1. Kühle den Hund mit Wasser – aber richtig
Die wirksamste Sofortmaßnahme bei einem überhitzten Hund besteht darin, ihn mit kühlem, jedoch nicht eiskaltem Wasser zu benetzen. Besonders geeignet sind die Pfoten, die Beine, der Bauch, die Brust sowie die Innenseiten der Oberschenkel, da dort große Blutgefäße dicht unter der Haut verlaufen. Über diese Bereiche kann Wärme besonders effektiv abgegeben werden. Eiskaltes Wasser oder Eisbäder werden dagegen nicht empfohlen, da sie zu einer Verengung der Blutgefäße führen können und die Wärmeabgabe dadurch erschweren.
2. Sorge für Verdunstungskälte
Wasser allein kühlt nur begrenzt. Besonders effektiv wird die Kühlung erst durch Verdunstung. Deshalb sollte der Hund möglichst an einem gut belüfteten Ort liegen. Durch die Luftbewegung verdunstet das Wasser schneller und entzieht dem Körper zusätzliche Wärme. Genau dieses Prinzip nutzt der Hund auch beim Hecheln.

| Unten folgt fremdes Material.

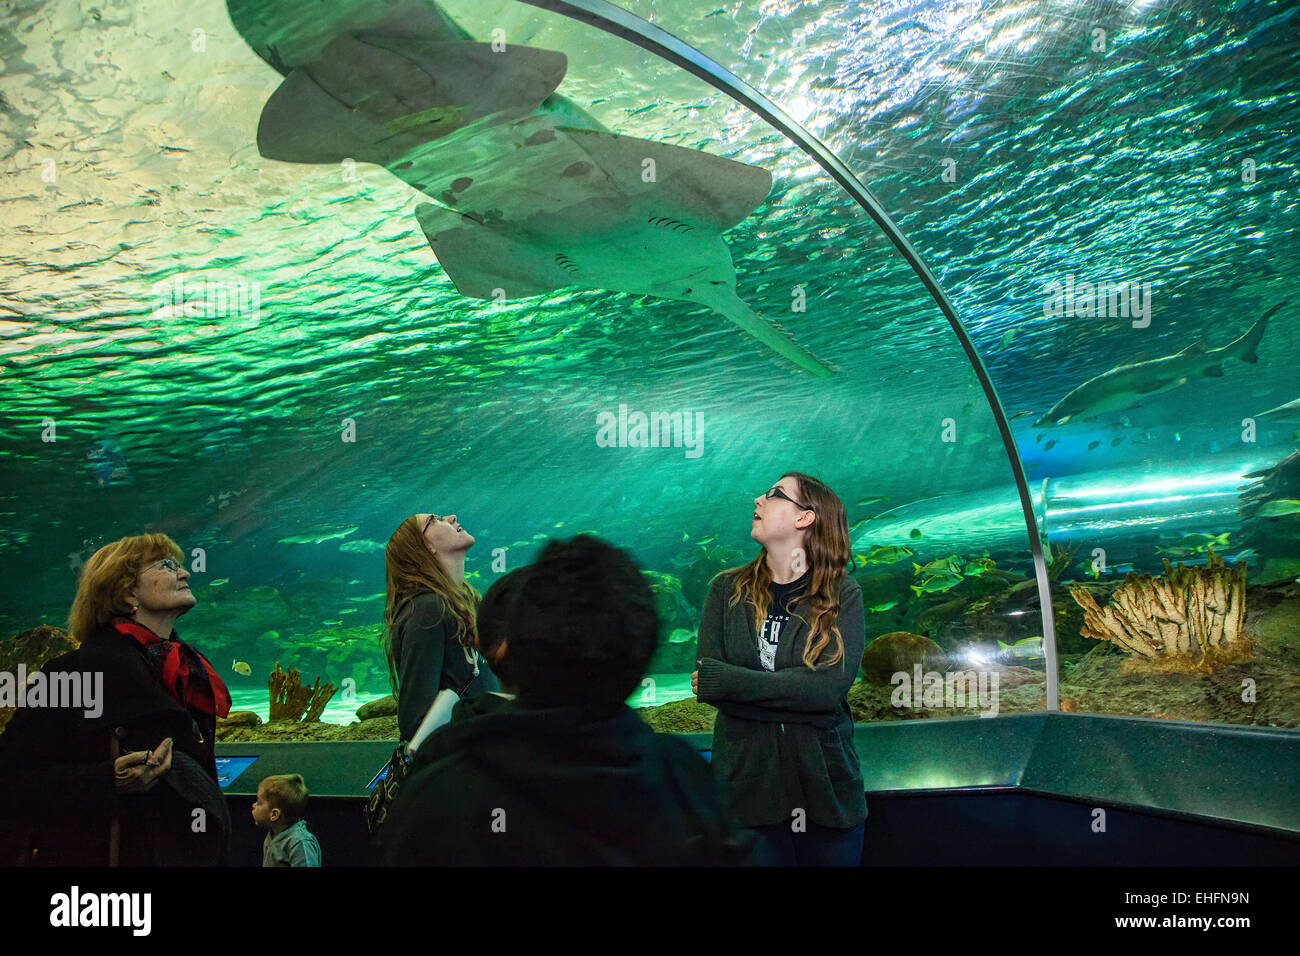 Ripleys Aquarium in Toronto,Ontario.;Canada, tourist attraction near the CN Tower Stock Photo
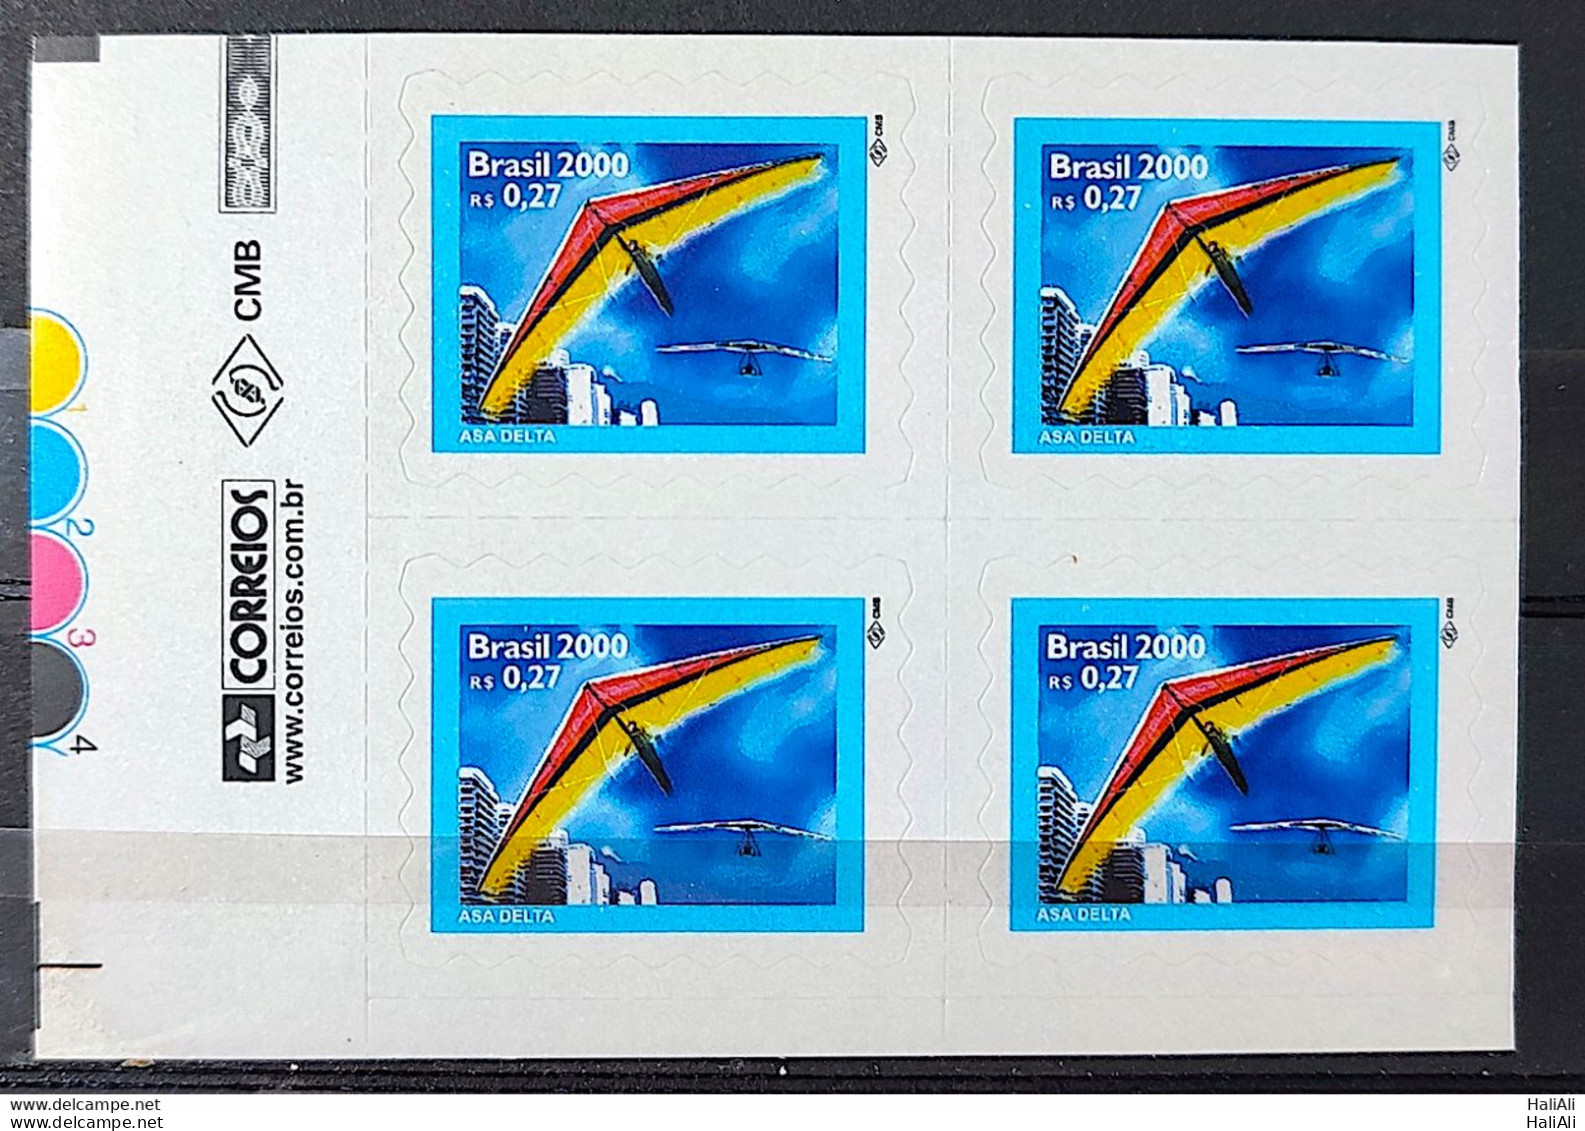 Brazil Regular Stamp Cod Rhm 787 Radical Sports Wing Delta Perce In Wave 2000 Block Of 4 Vignette Correios - Nuevos

3. Biete jederzeit frisches Trinkwasser an
Bei Hitze verliert ein Hund durch das Hecheln deutlich mehr Flüssigkeit als gewöhnlich. Deshalb sollte jederzeit frisches, möglichst kühles Trinkwasser verfügbar sein. Auf längeren Spaziergängen gehört eine Wasserflasche mit Trinkmöglichkeit zur Grundausstattung. Kleine Mengen in regelmäßigen Abständen sind oft sinnvoller als sehr große Mengen auf einmal.
4. Nutze ein Planschbecken oder flaches Wasser
Viele Hunde kühlen ihren Körper freiwillig ab, indem sie sich in flaches Wasser stellen oder legen. Ein Planschbecken im Garten oder ein flacher Bach können deshalb an heißen Tagen eine angenehme Möglichkeit zur Abkühlung sein. Wichtig ist, dass der Hund selbst entscheiden kann, ob er ins Wasser gehen möchte. Zwang erhöht den Stress und damit auch die Wärmeproduktion.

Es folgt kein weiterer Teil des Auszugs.